Other Notable Private Search Engines
Search Encrypt is often mentioned when people write about private search engines. It has the advantage of encrypting your search terms before it searches, thus, adding another layer of anonymity to your searching. On the other hand, it is not configurable. You get the search results it wants to give you, and, in my opinion, these are often lacking. Search Encrypt can be integrated with your browser (Chrome and Firefox), but users complain that it interferes with search results more than it helps. Some claim it acts more like malware, but this may be because it predetermines which sites are free of tracking and will not suggest them. It is supported by ads in the search results.

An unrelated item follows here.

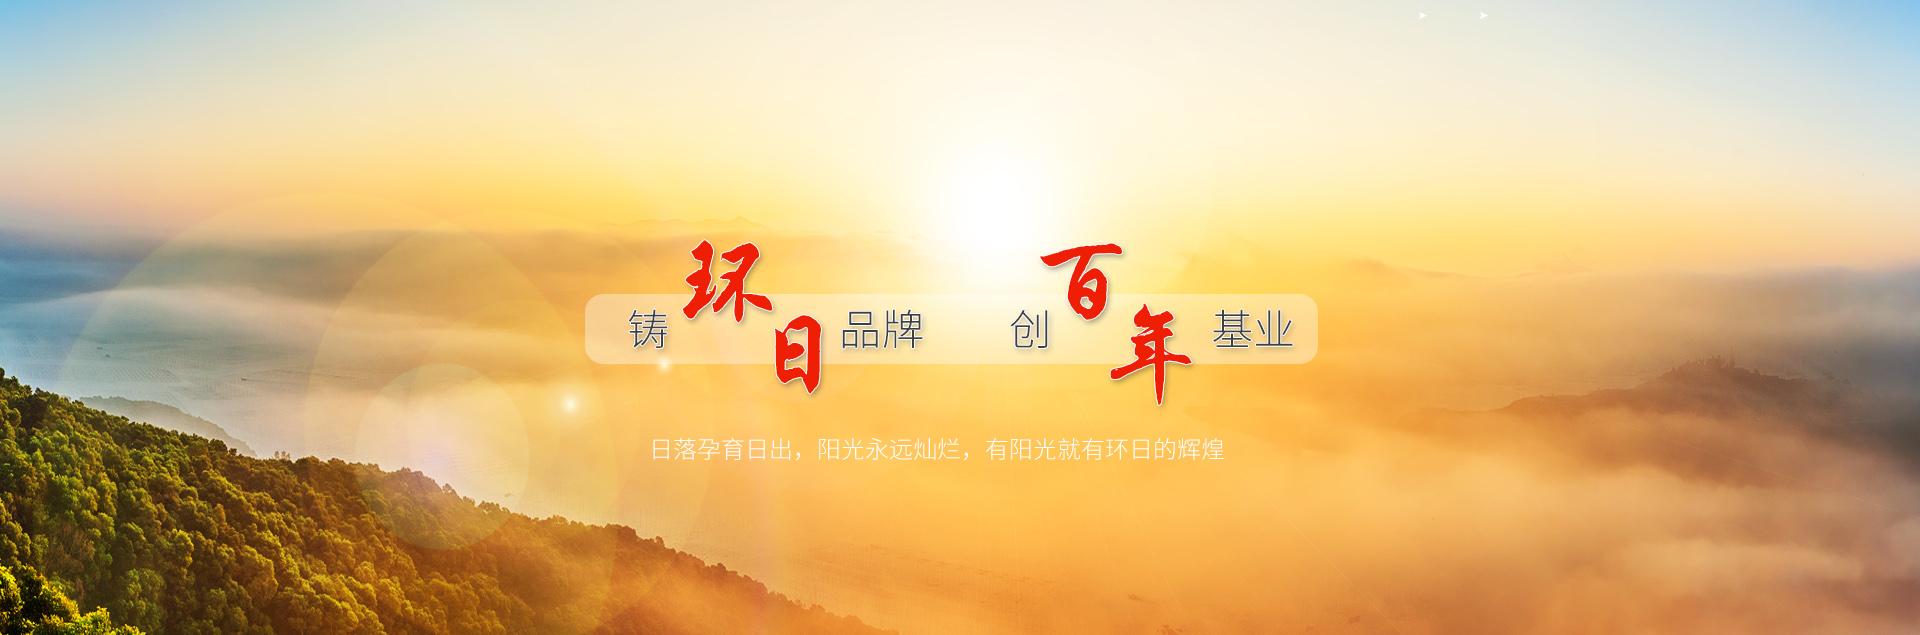 山东环日集团有限公司招聘信息
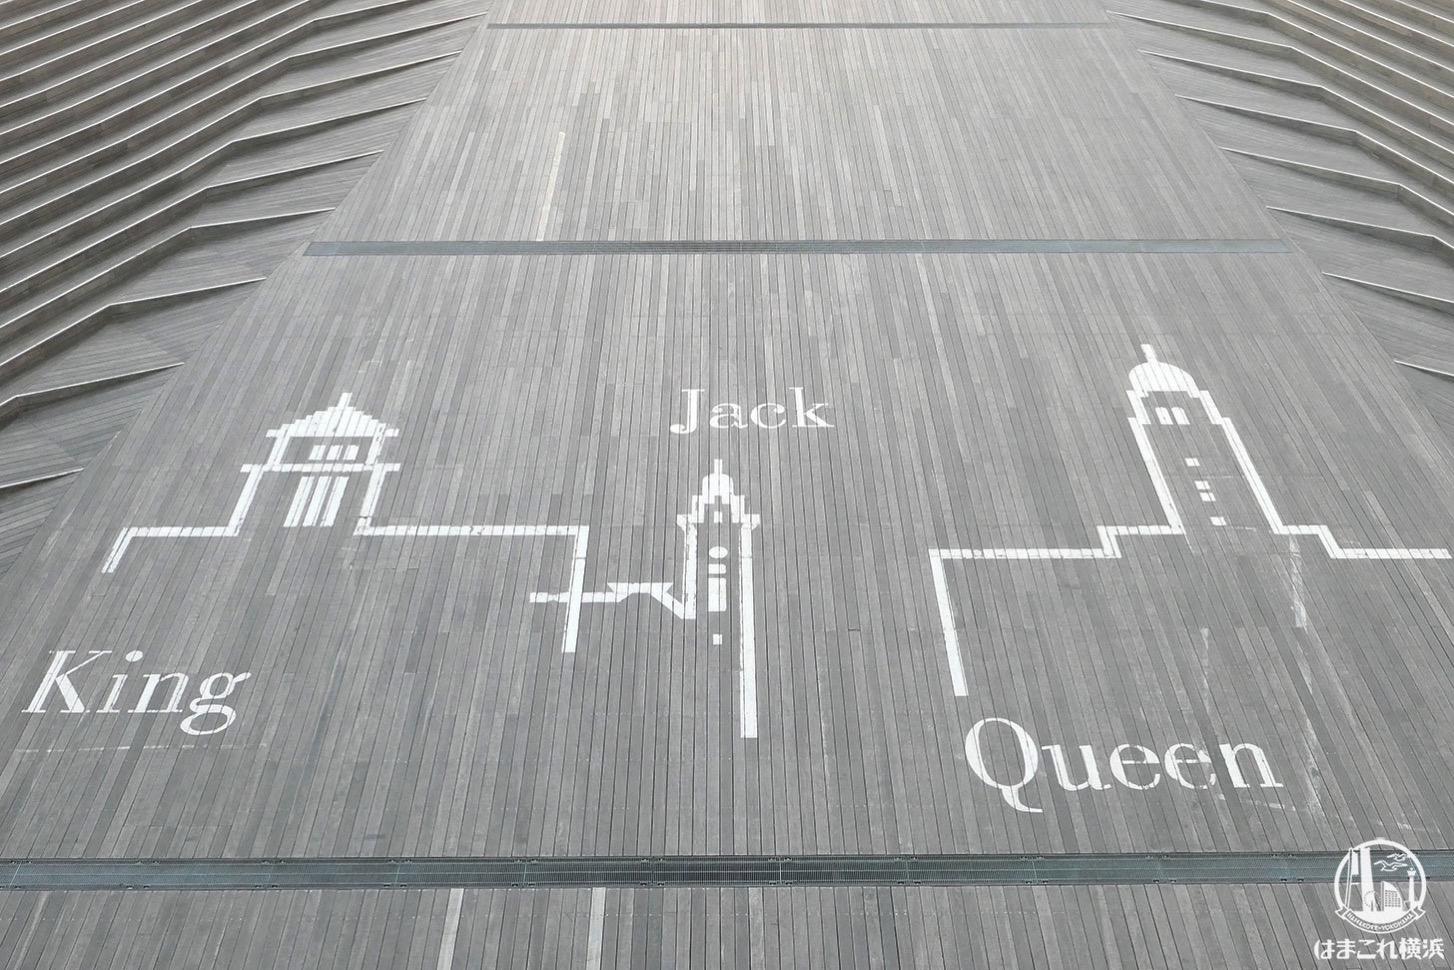 横浜三塔ってなに?無料で見学できる歴史的建造物・定番観光スポット

Qwant is a French-based private search engine which seems to be growing in popularity. Those who want to avoid U.S.-based servers may find it attractive. The search results are fair, but a multiple of filters can be applied. It does use autocomplete, but it is impossible to tell if this is biased, because it cuts out early when typing in a search phrase. It does offer paid ads mixed in among the search results and they are not all that obvious.
All of the private search engines mentioned in this post will protect your search results from being used to build a profile of you that can subsequently be sold to advertisers. Some simply offer more features than others. Just like a VPN, there is no way to ensure that they keep their end of the bargain, but if you find you are being targeted with ads through your searches, be suspicious. Keep in mind that once you click on a website in the search, you are on your own. The search engines only protect your searches from being monetized and nothing more. Add a VPN and even Tor browser into the mix if you are looking for the best privacy you can get. However, keep in mind that absolute privacy may still be unattainable.